- Exercise directions -
Output, word for word, each line from the one with "Midnight Wool Blend" through the end of the listing below, excluding every picture.

- Dataset extract -
-------

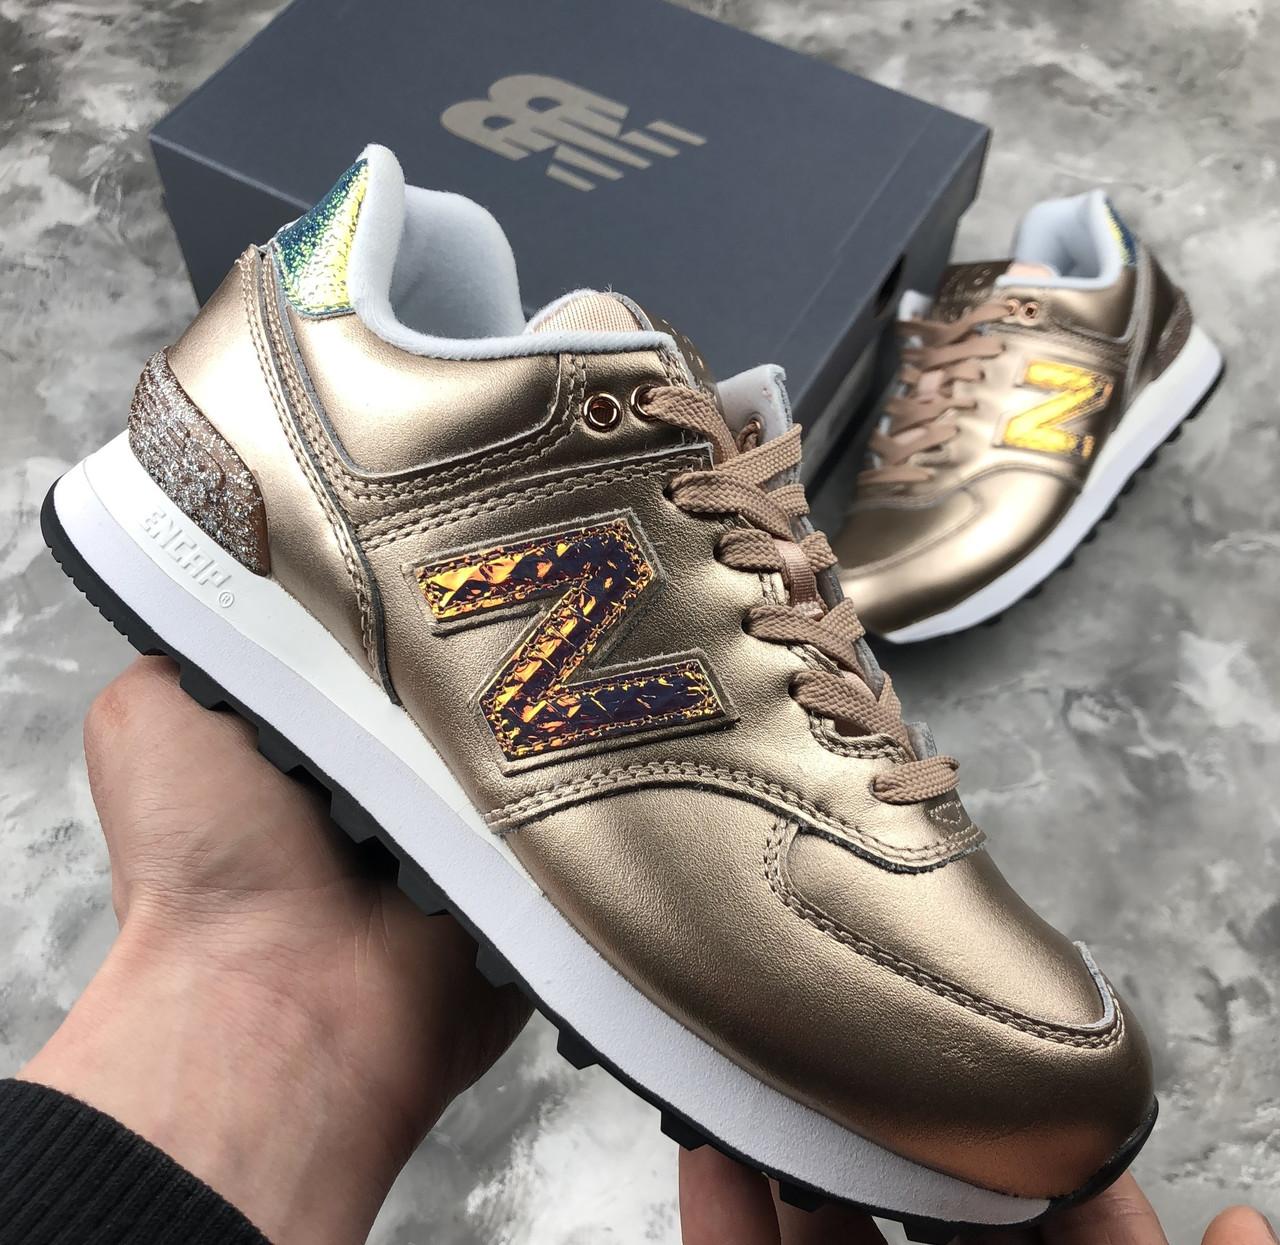 397b5b6c8c7e90 Кроссовки женские стильные золотые New Balance 574 Glitter Punk Оригинал  Нью Баланс - Магазин обуви Go
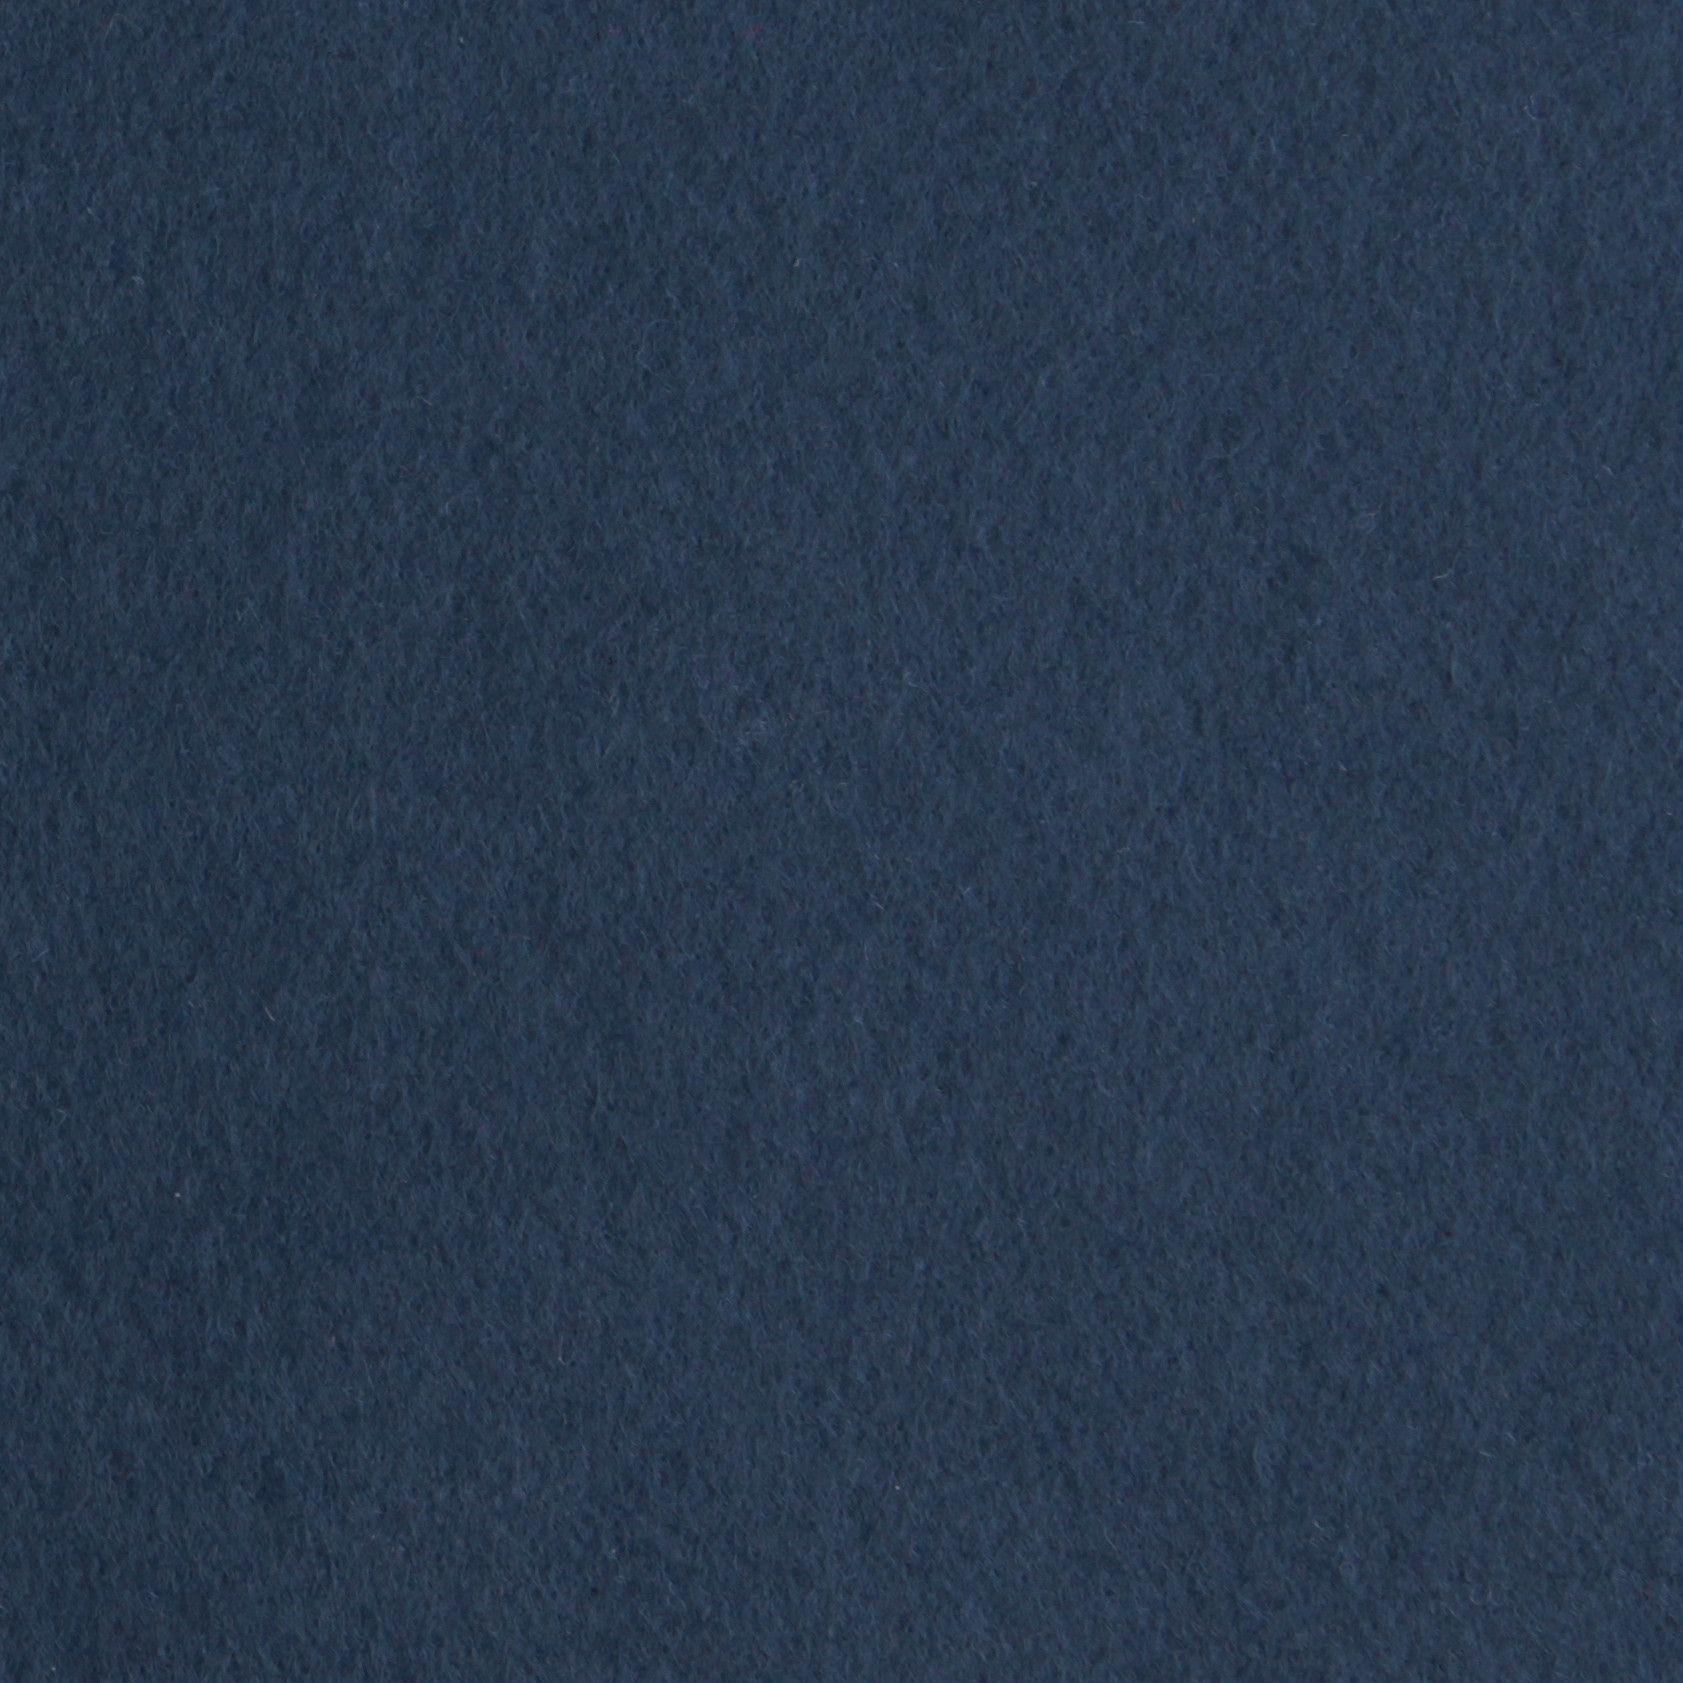 Midnight Wool Blend Felt Curtains, Textured wallpaper
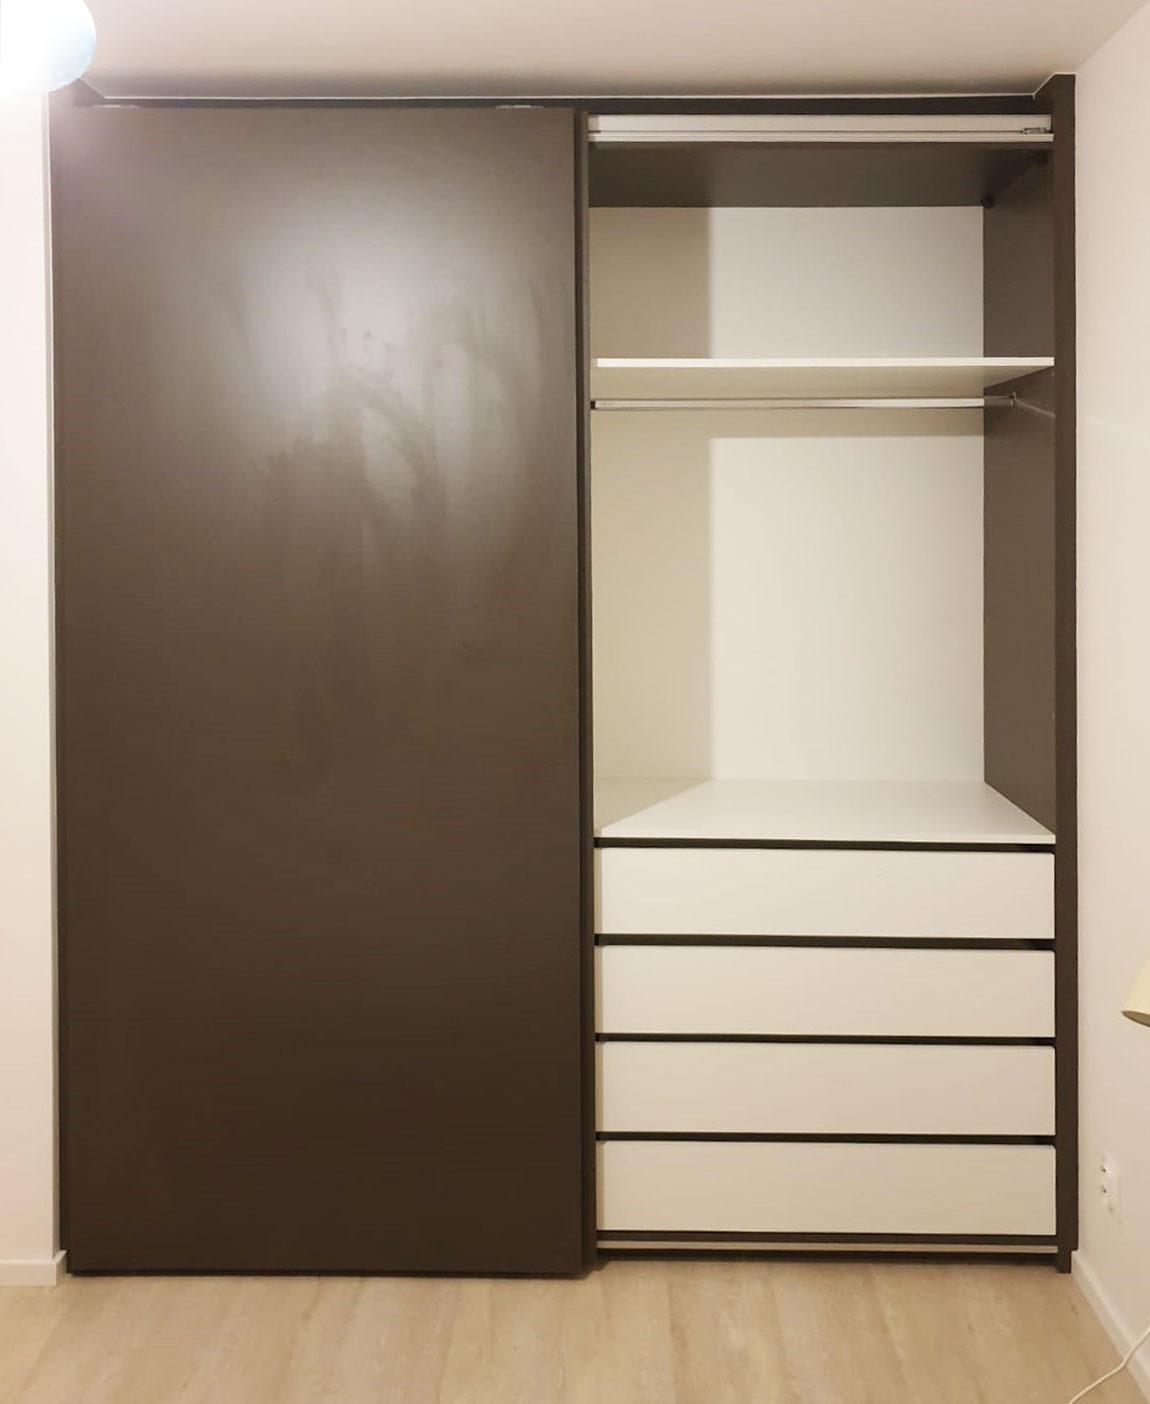 Otevřená skříň s bezrámovými posuvnými dveřmi
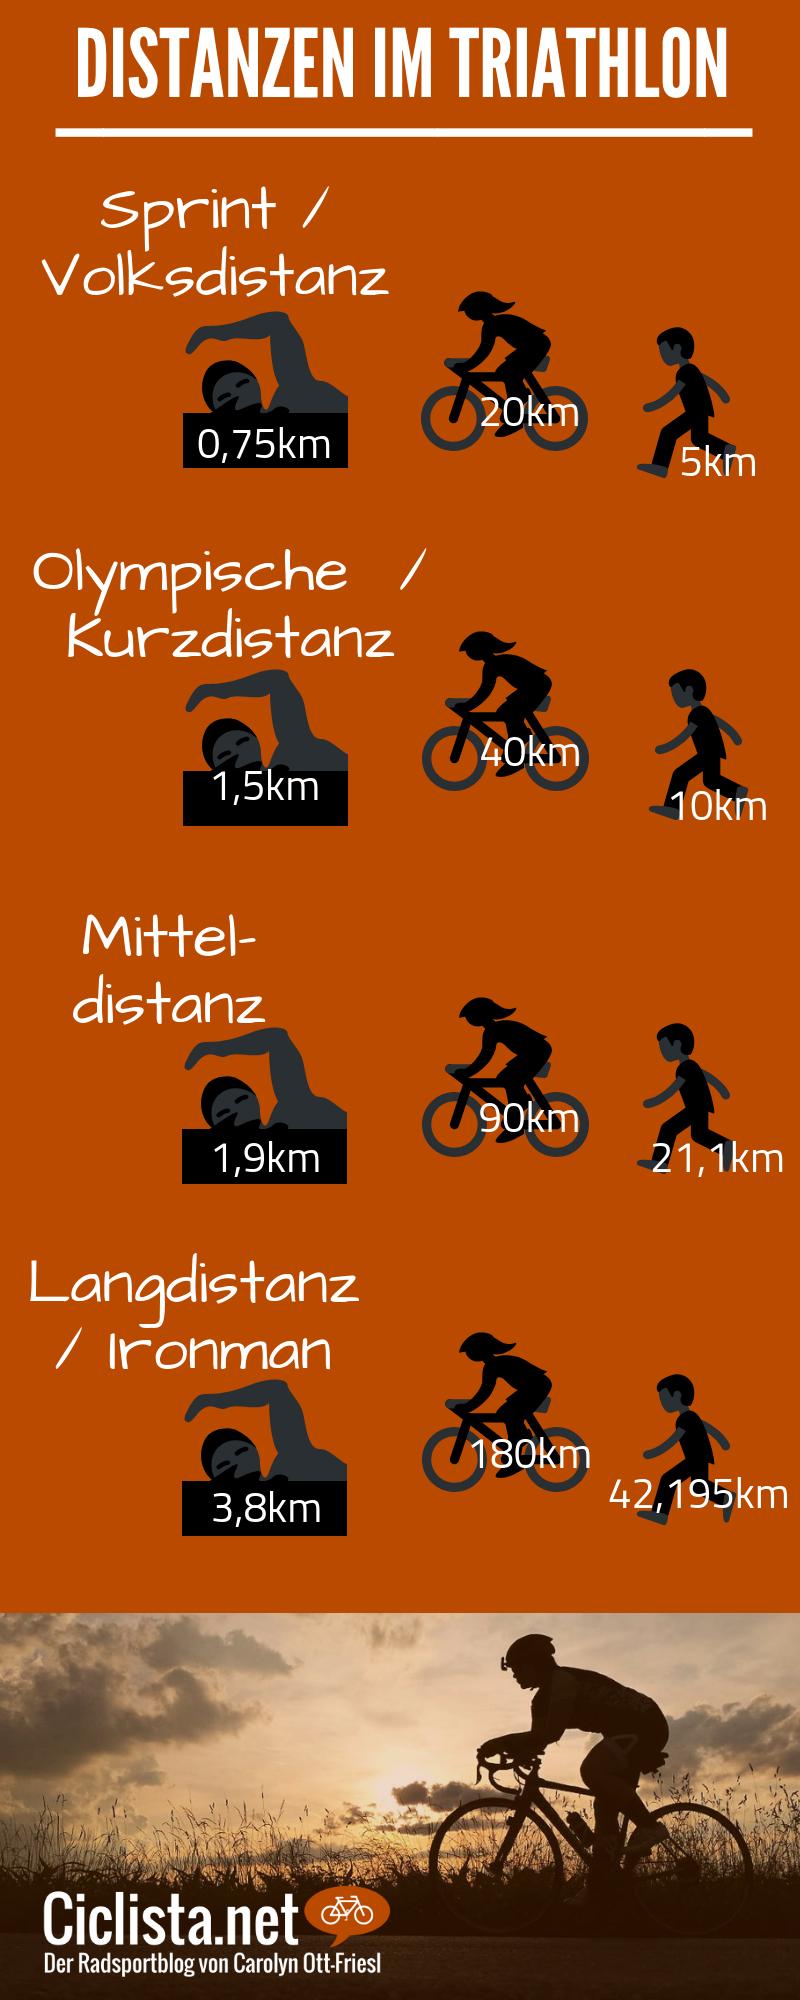 Triathlondistanzen im Überblick - Von Sprintdistanz / Volkstriathlon, Olympische / Kurzdistanz, Mitt...

-------

- Output below -
 Midnight Wool Blend Felt Curtains, Textured wallpaper
 Otevřená skříň s bezrámovými posuvnými dveřmi
 Triathlondistanzen im Überblick - Von Sprintdistanz / Volkstriathlon, Olympische / Kurzdistanz, Mitt...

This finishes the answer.